На мысли о необъективности Войницкого наводит и то обстоятельство, что сразу же после своего развернутого высказывания о профессоре в ответ на замечание Астрова: «Ну, ты, кажется, завидуешь», — Войницкий признается: «Да, завидую» (13, 67—68).

В предлагаемой писателем ситуации самое поразительное то, каким же образом дядя Ваня 25 лет считал профессора выдающимся ученым, а потом вдруг необъяснимо прозрел и обнаружил, что тот полная бездарность. Как объяснить дичайшую ошибку и слишком резкое и беспощадное — не гений, а бездарность — прозрение?

Многое здесь значит вопрос о том, насколько Войницкий компетентен, чтобы оценивать научные труды Серебрякова. Кто дядя Ваня по специальности, какое образование он получил? Если не связанное с искусством, то о чем вообще речь. Если же он имеет нужное образование, то совершенно необъяснима амплитуда его оценок: специалист может ошибаться, принимая добротного ученого за выдающегося, но он не может 25 лет считать бездарность гением — это немыслимо. В тексте пьесы нет ни одного намека на степень компетенции дяди Вани — Чехов отнюдь не стремится рассеять наши сомнения.

Единственный аргумент Войницкого, свидетельствующий о бездарности профессора, следующий: «Он вышел в отставку, и его не знает ни одна живая душа, он совершенно неизвестен; значит, двадцать пять лет он занимал чужое место» (13, 67). Но это несколько противоречит показаниям других героев пьесы. Елена Андреевна: «Я увлеклась им как ученым и известным человеком» (13, 87—88), — Серебряков: «...я люблю успех, люблю известность, шум» (13, 77).

Теперь взглянем на проблему глазами Чехова.

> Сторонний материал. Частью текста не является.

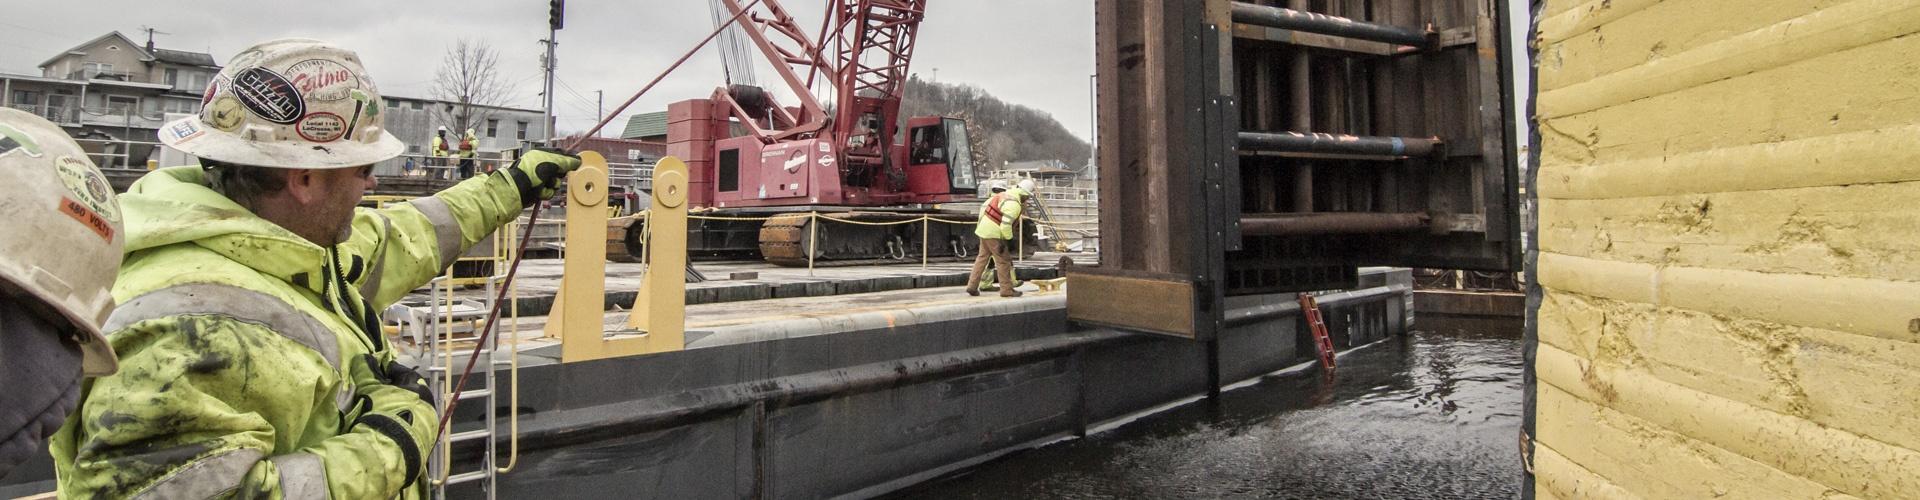 marine construction careers, dam construction careers, brennan

В 1886 г. молодой писатель пишет рассказ «Пассажир I-го класса», в котором два выдающихся в своей области человека говорят о том, что сотни всякого рода певичек, акробатов и шутов известны даже грудным детям, в то время как публика даже и не слыхала никогда имена русских крупных ученых, инженеров, врачей, художников, литераторов. А в конце рассказа выясняется, что они не только ничего не знают друг о друге, но и фамилии слышат в первый раз. Поэтому аргумент дяди Вани для Чехова вряд ли убедителен.

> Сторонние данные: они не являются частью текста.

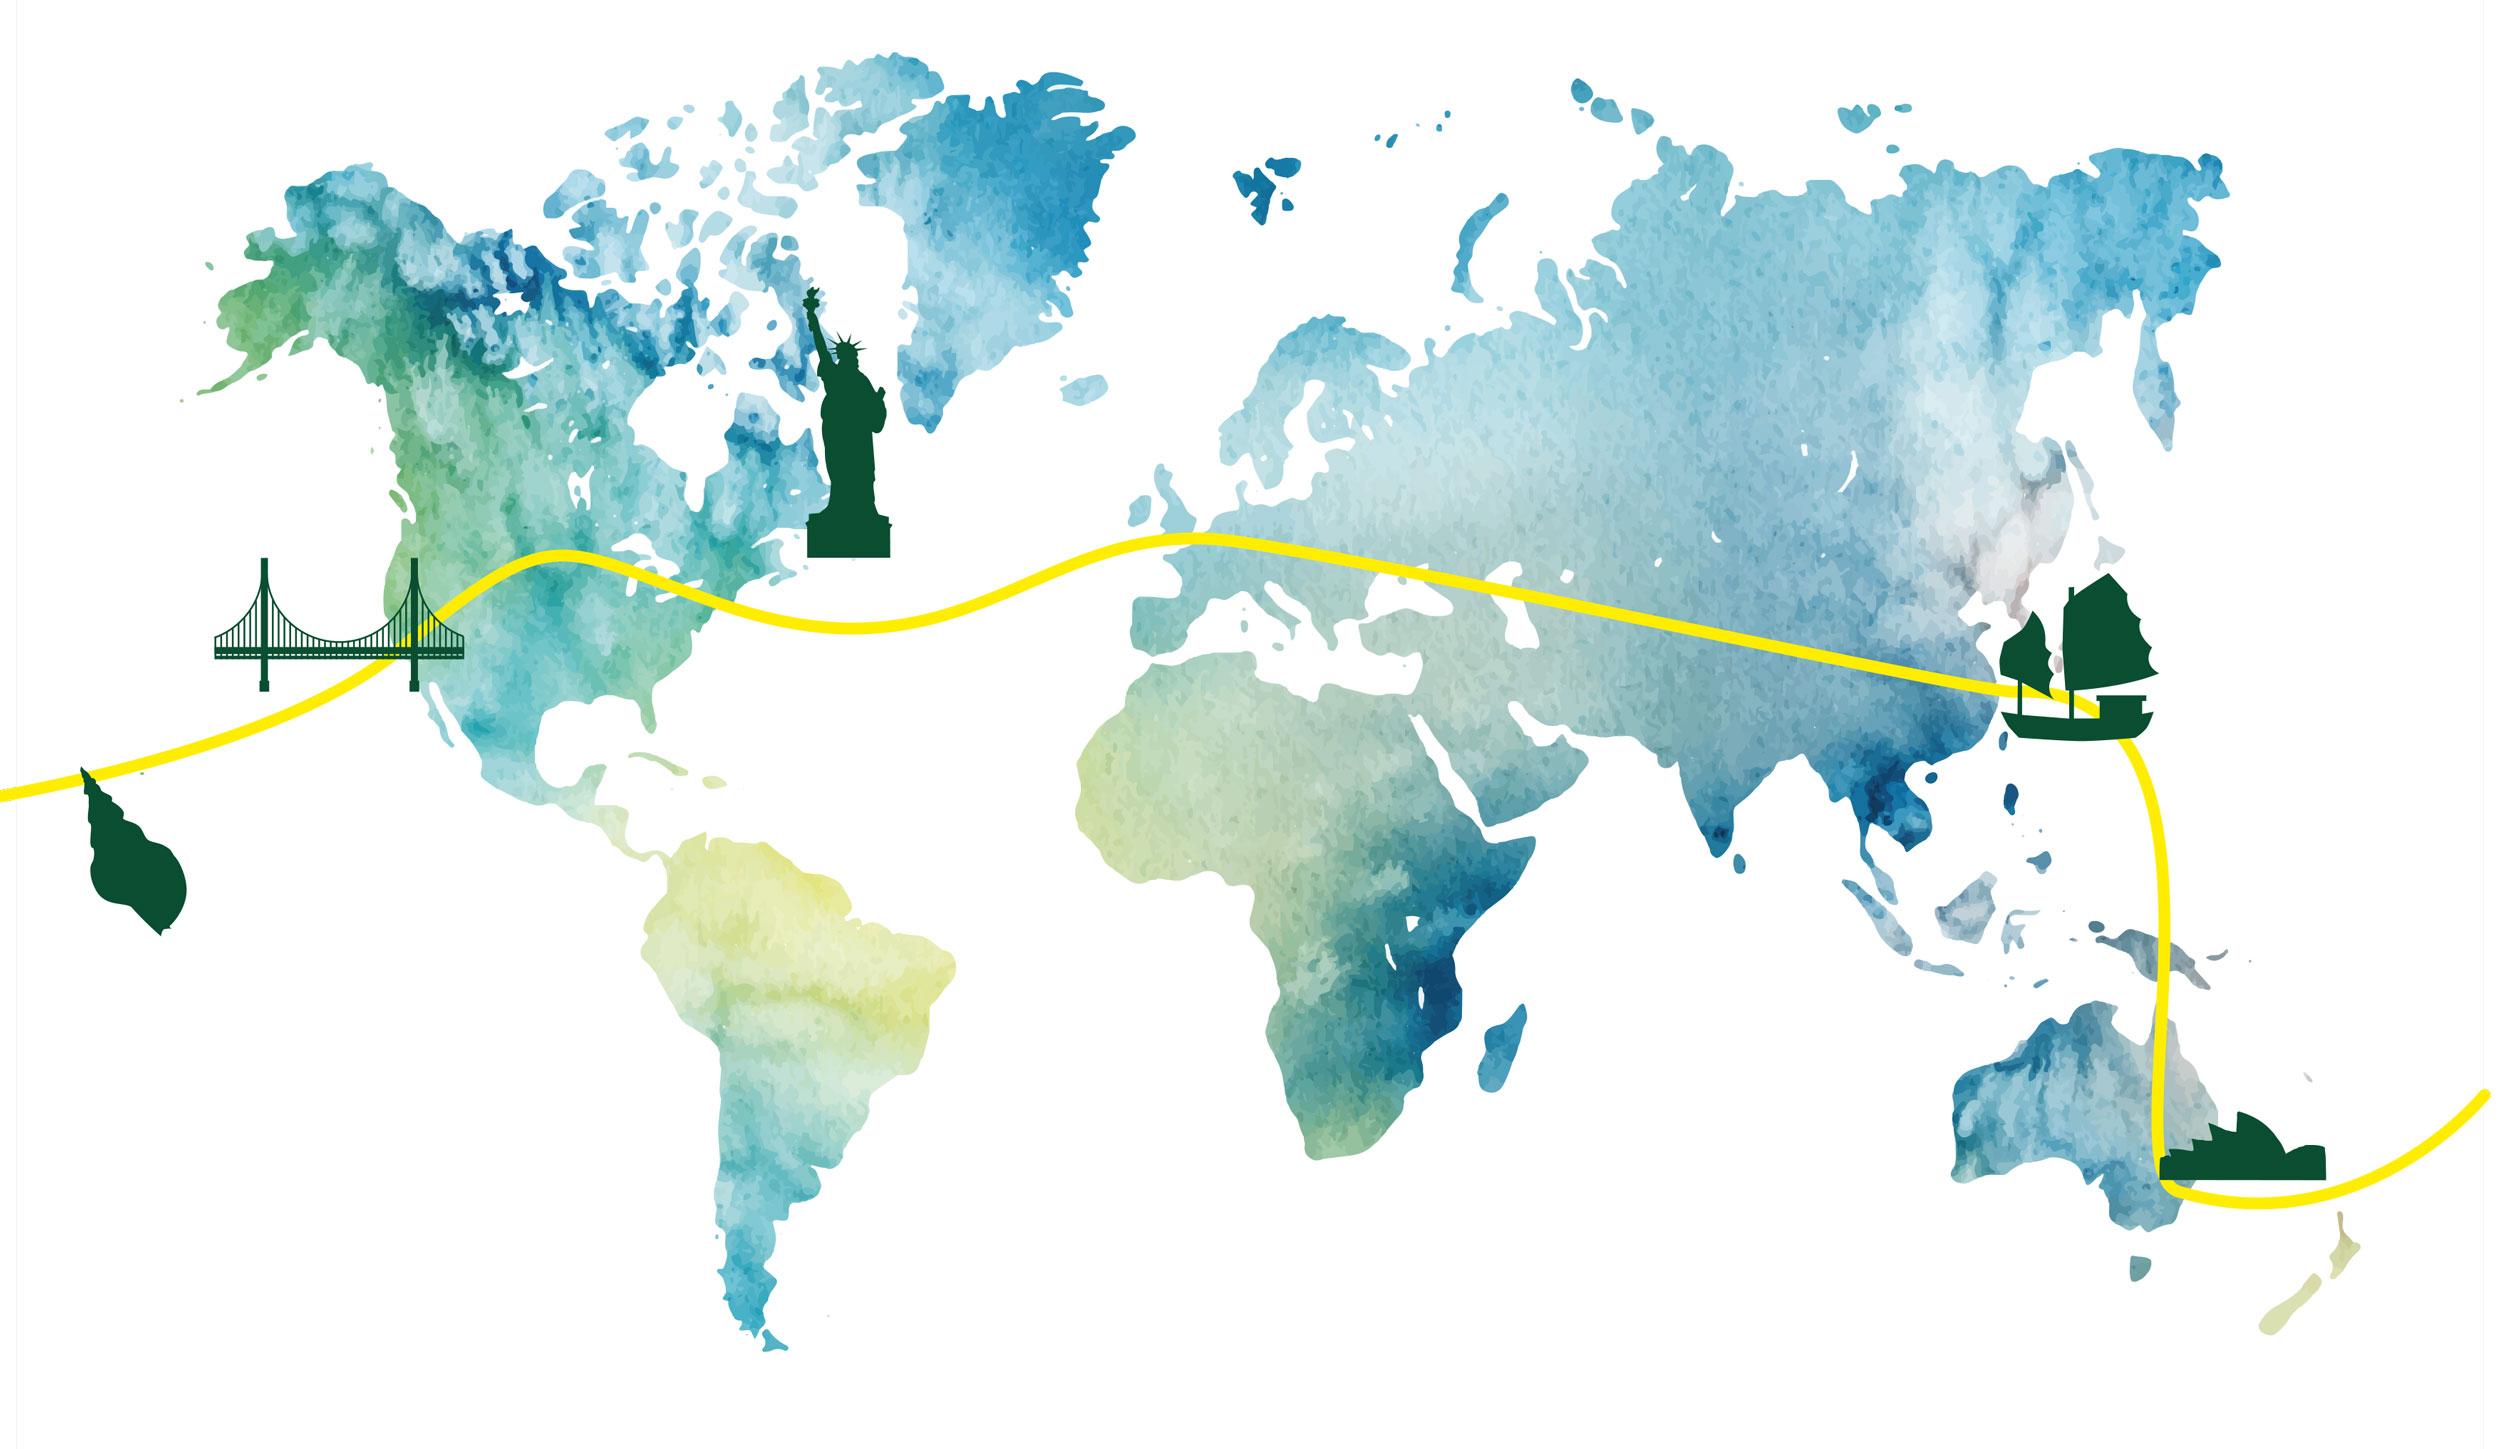 Weltreisen Karte Big Apple bis Südsee

Важно то, что Серебряков занимается такими проблемами, как реализм и натурализм. Проблемы такого уровня могут быть решены, по мнению Чехова, лишь в будущем. В одном из писем, рассуждая о праве на существование современного ему литературного направления (речь шла, по всей видимости, о натурализме), Чехов писал: «Подобно вопросам о непротивлении злу, свободе воли и проч., этот вопрос может быть решен только в будущем. Мы же можем только упоминать о нем» (П 2, 11). По Чехову, заслуги Серебрякова могут быть верно оценены лишь в будущем, сейчас же они просто неопределенны.

Многое заставляет нас усомниться в верности оценок дядей Ваней научной деятельности Серебрякова. При этом в тексте пьесы нет ничего, что бесспорно бы подтверждало или опровергало утверждения дяди Вани. Каков же профессор на самом деле, нам неизвестно. Эта неясность — суть идейного замысла пьесы.

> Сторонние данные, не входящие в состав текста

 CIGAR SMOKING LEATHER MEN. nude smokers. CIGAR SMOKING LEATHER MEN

Драма дяди Вани не трагедия человека, принесшего себя в жертву ничтожеству, а драма человека, жизнь которого ушла неизвестно на что.

Но не только Войницкий жертвовал собой ради Серебрякова. Сестра дяди Вани любила профессора, «как могут любить одни только чистые ангелы таких же чистых и прекрасных, как они сами» (13, 68), Елена Андреевна «вышла за него, когда он был уже стар, отдала ему молодость, красоту, свободу, свой блеск» (13, 68). «За что? Почему?» Кому были принесены эти жертвы? Конечно, здесь уже неважно, был ли профессор выдающимся ученым, весь вопрос в том, достойному ли человеку отданы чистота души, молодость и красота. Серебряков, каким мы его видим в пьесе, эгоистичен, раздражителен, капризен и не отличается душевной чуткостью. Но всегда ли он был таким? Неужели сестра дяди Вани, ангел во плоти, всю жизнь любила, не замечая его мелочности, эгоизма, душевной нечистоплотности? Неужели умная Елена Андреевна была настолько ослеплена известностью профессора, что ничего не видела? Разве в это можно поверить? Но Чехов предлагает нам возможное объяснение ошибки: Серебряков пользовался большим успехом у женщин. Профессор довольно непригляден, но ведь он старый человек, очень боится болезней и смерти, тяжело переживает свое нынешнее положение. Мы вправе предположить, что многое дурное в нем развилось лишь теперь, в конце жизни, что Серебряков просто побежден страшным чудовищем старости. Тем более что он, таков как есть, сам себе противен. Профессор страдает, может быть, не менее тяжело, чем дядя Ваня, переживая свою драму — драму старости. А мы ничего не хотим простить старому человеку. Может быть, лучше прислушаться к словам Елены Андреевны, что Александр такой же, как все, «не хуже вас», или согласиться со старой няней, что старых никому не жалко. Надо ценить и то, что профессор, как бы ему ни было тяжело, каждый день и по многу часов работает.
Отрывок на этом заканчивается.